Stored data:

⁂

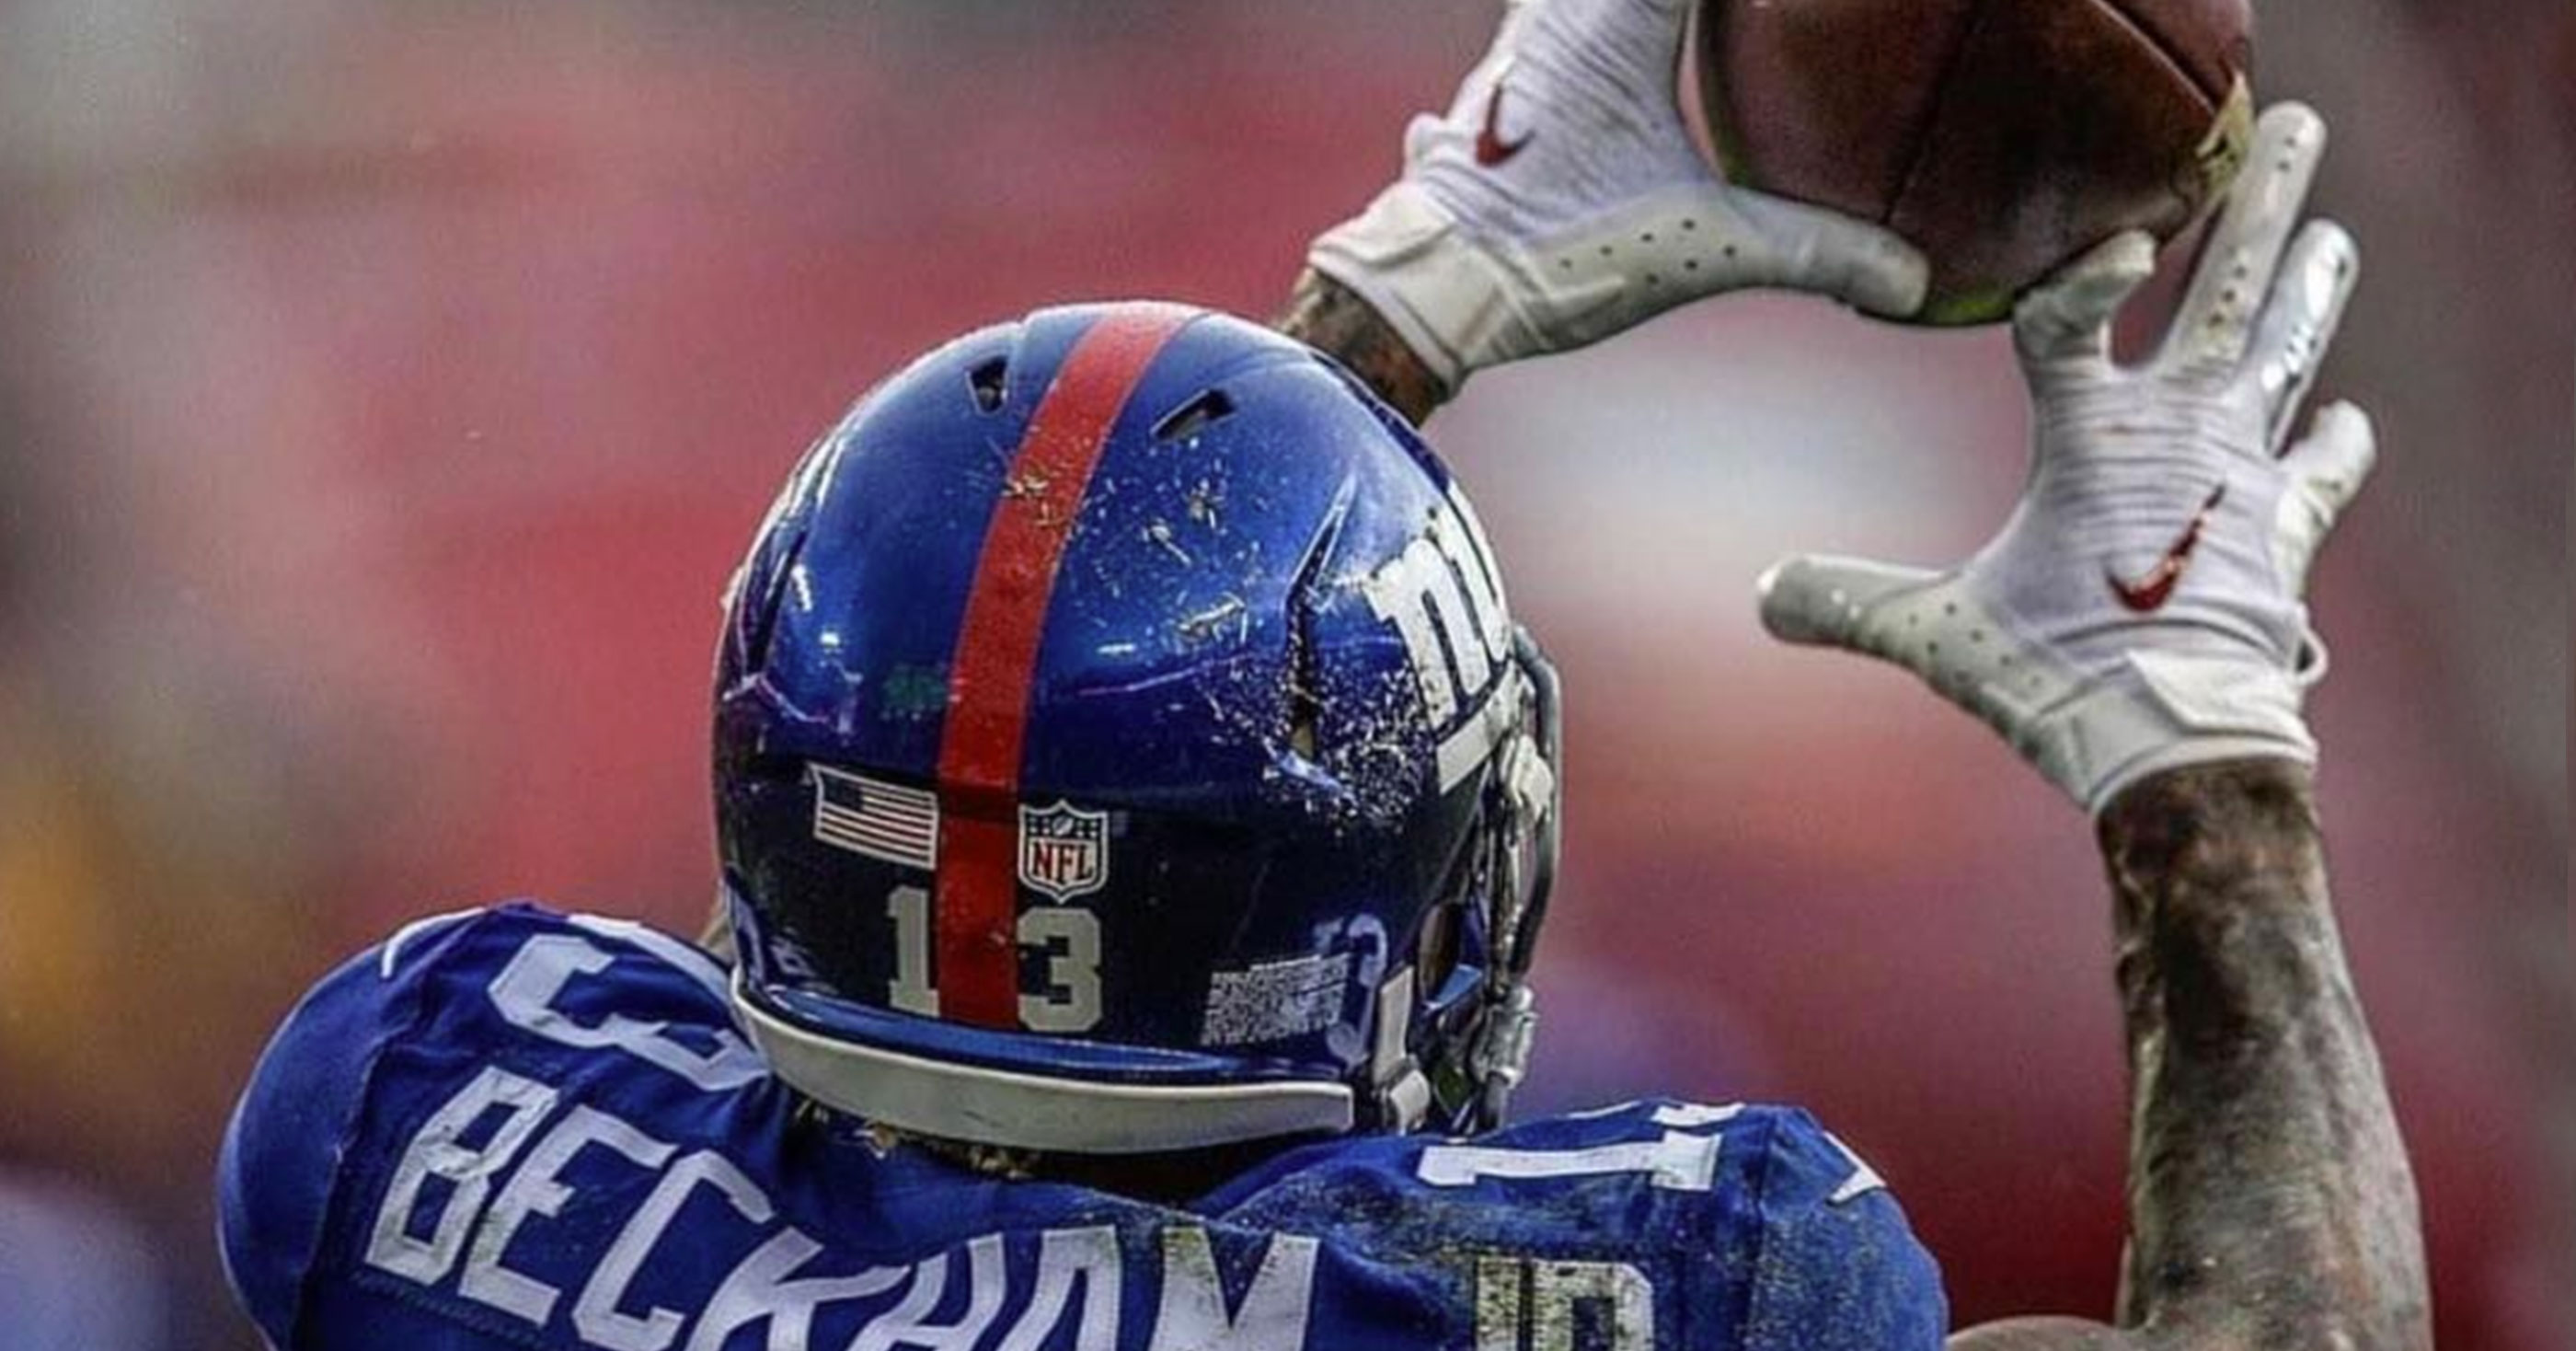 Incredible Photo Captured The Exact Moment Odell Beckham Jr. Dislocated His Finger
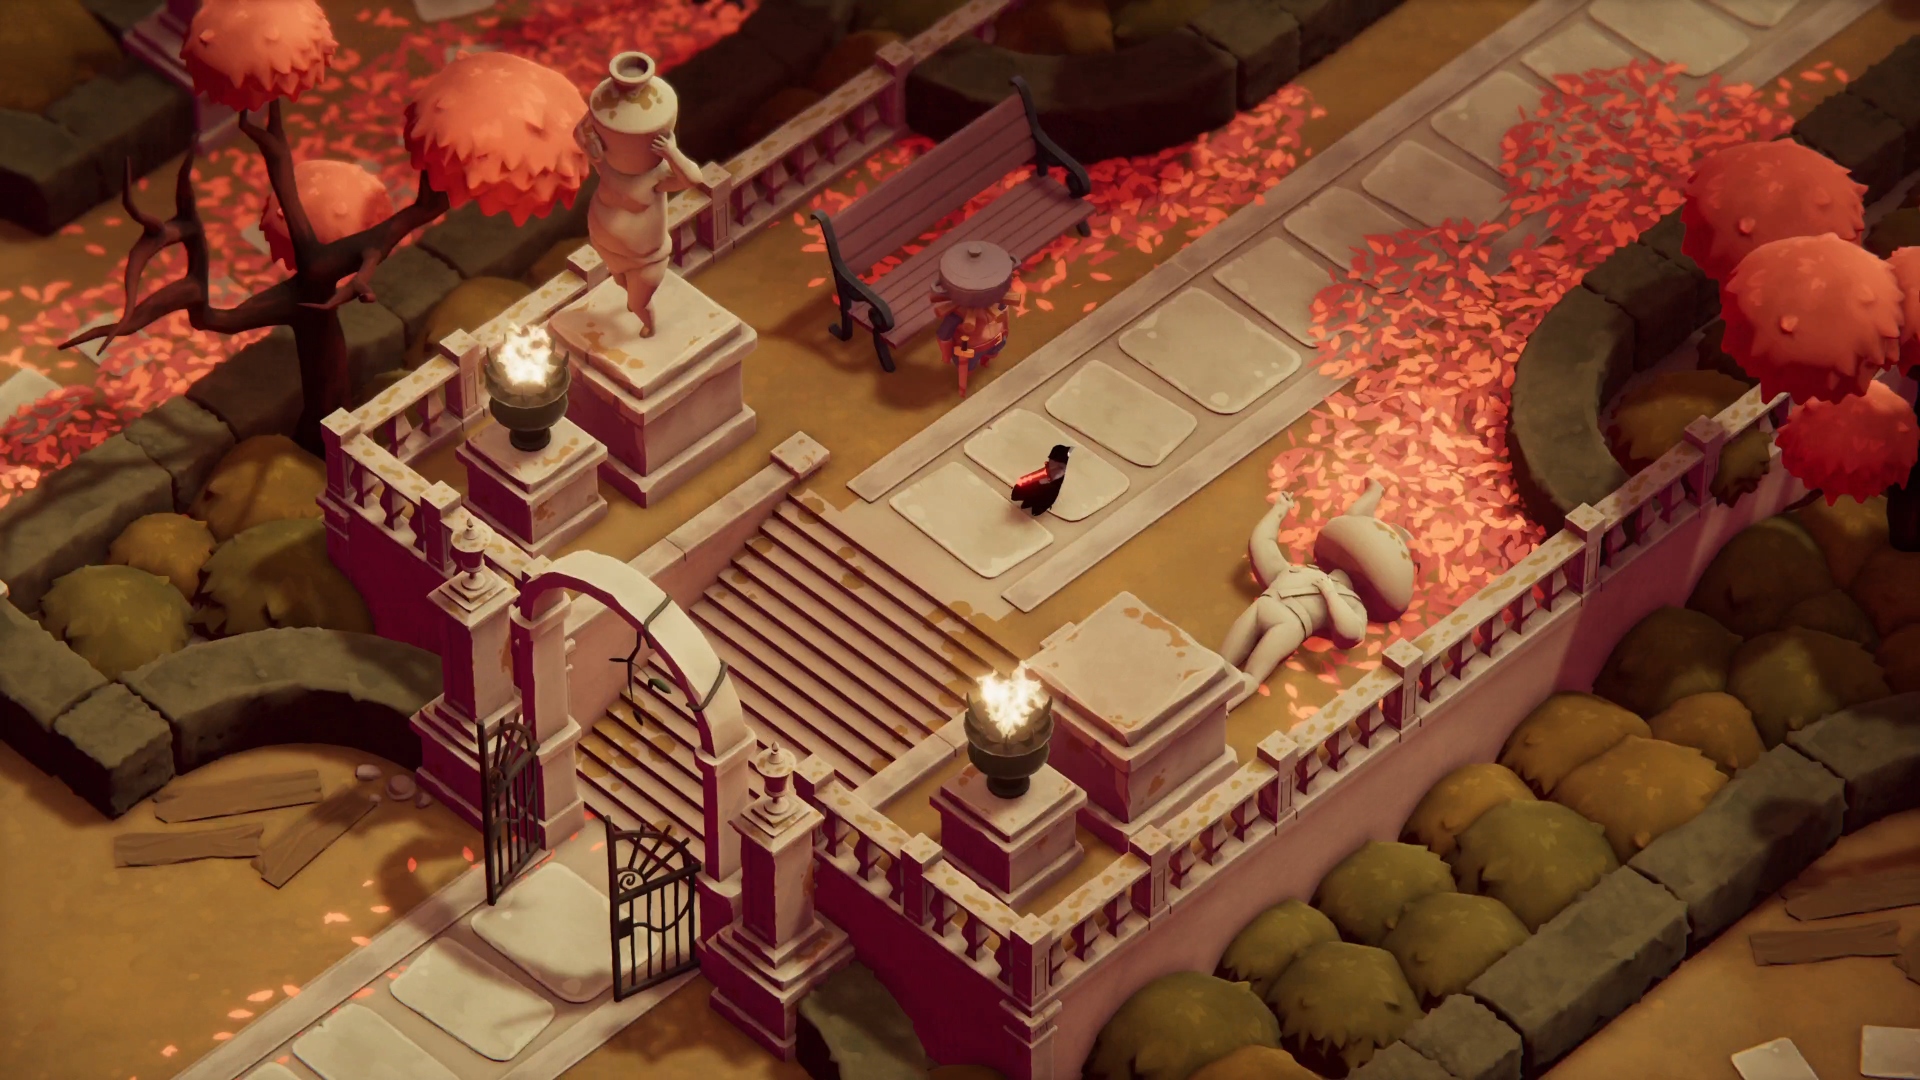 Best indie games: Death's Door. Image shows a crow standing in a park in autumn.
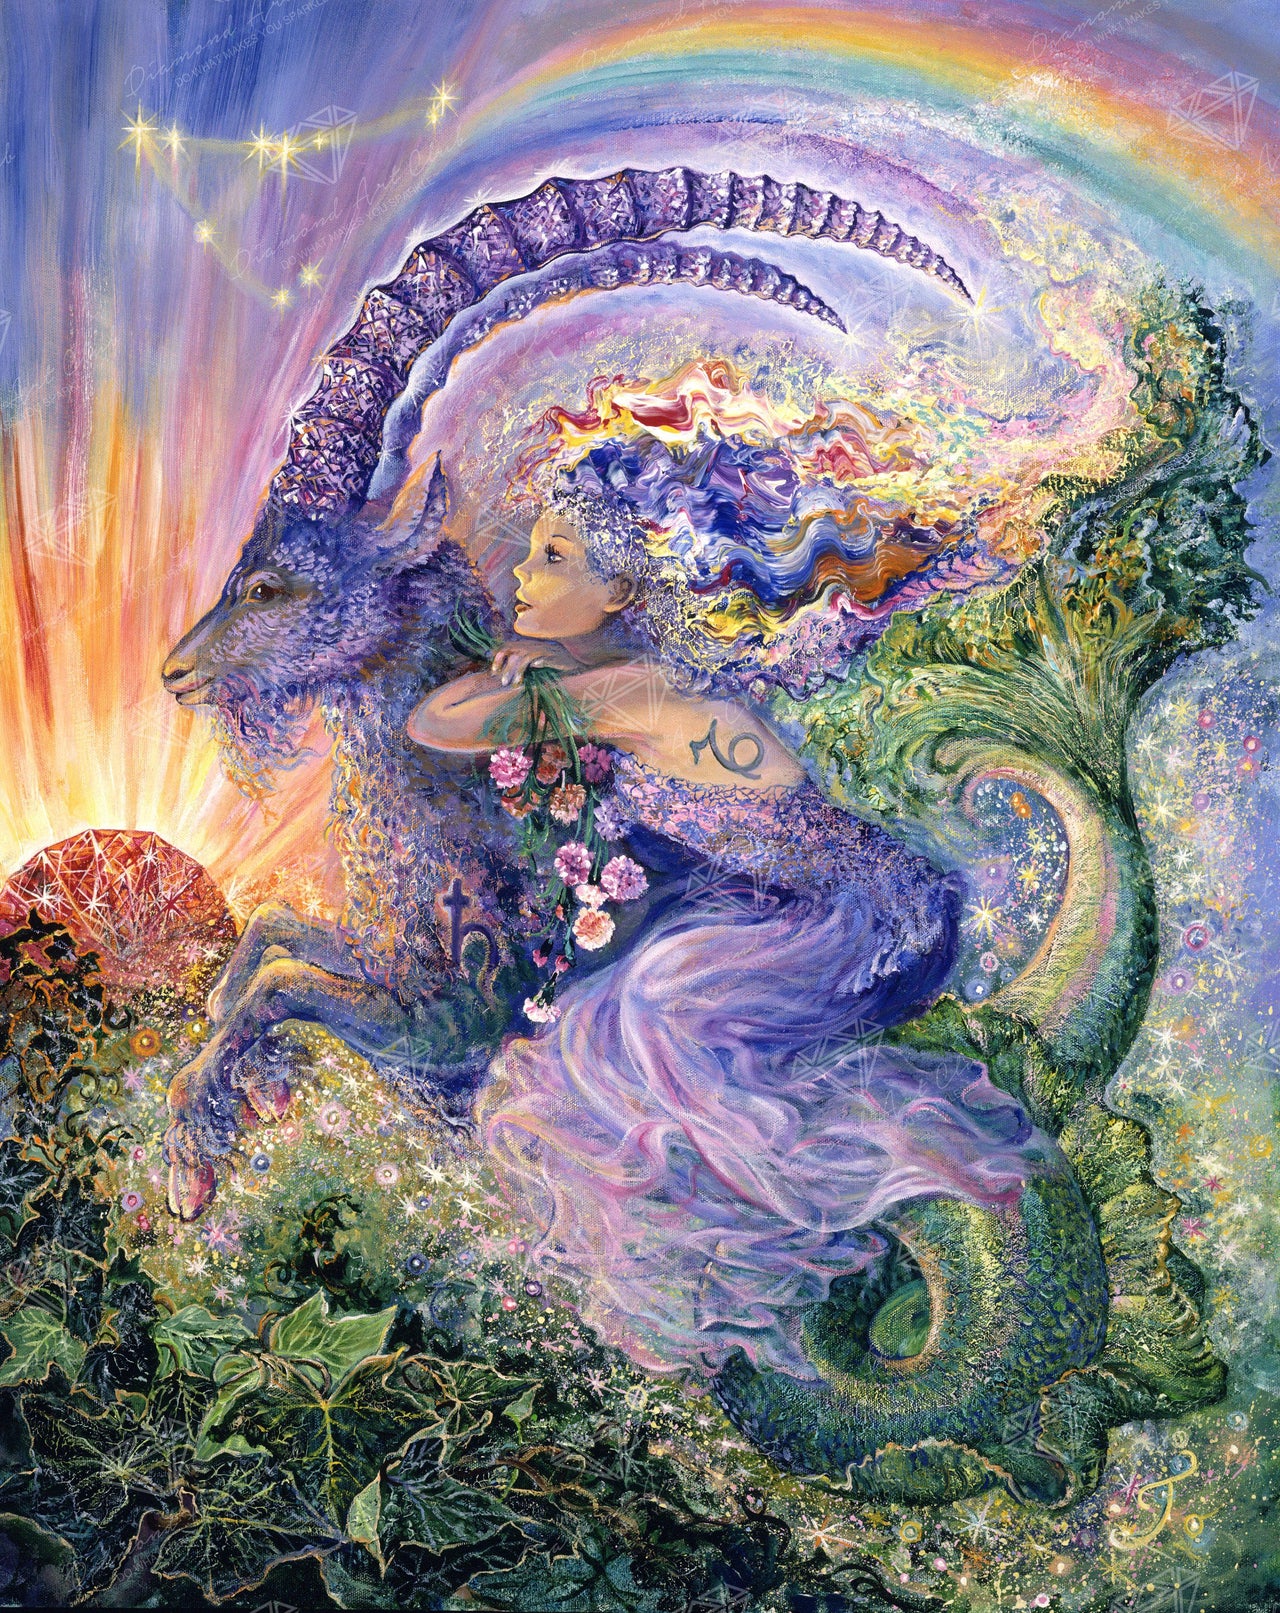 Diamond Painting Capricorn 27.6" x 34.7″ (70cm x 88cm) / Square with 64 Colors including 4 ABs / 96,672

⁂

Leave the pictures out and set down the rest of the listing above exactly.

 Incredible Photo Captured The Exact Moment Odell Beckham Jr. Dislocated His Finger
 Best indie games: Death's Door. Image shows a crow standing in a park in autumn.
 Diamond Painting Capricorn 27.6" x 34.7″ (70cm x 88cm) / Square with 64 Colors including 4 ABs / 96,672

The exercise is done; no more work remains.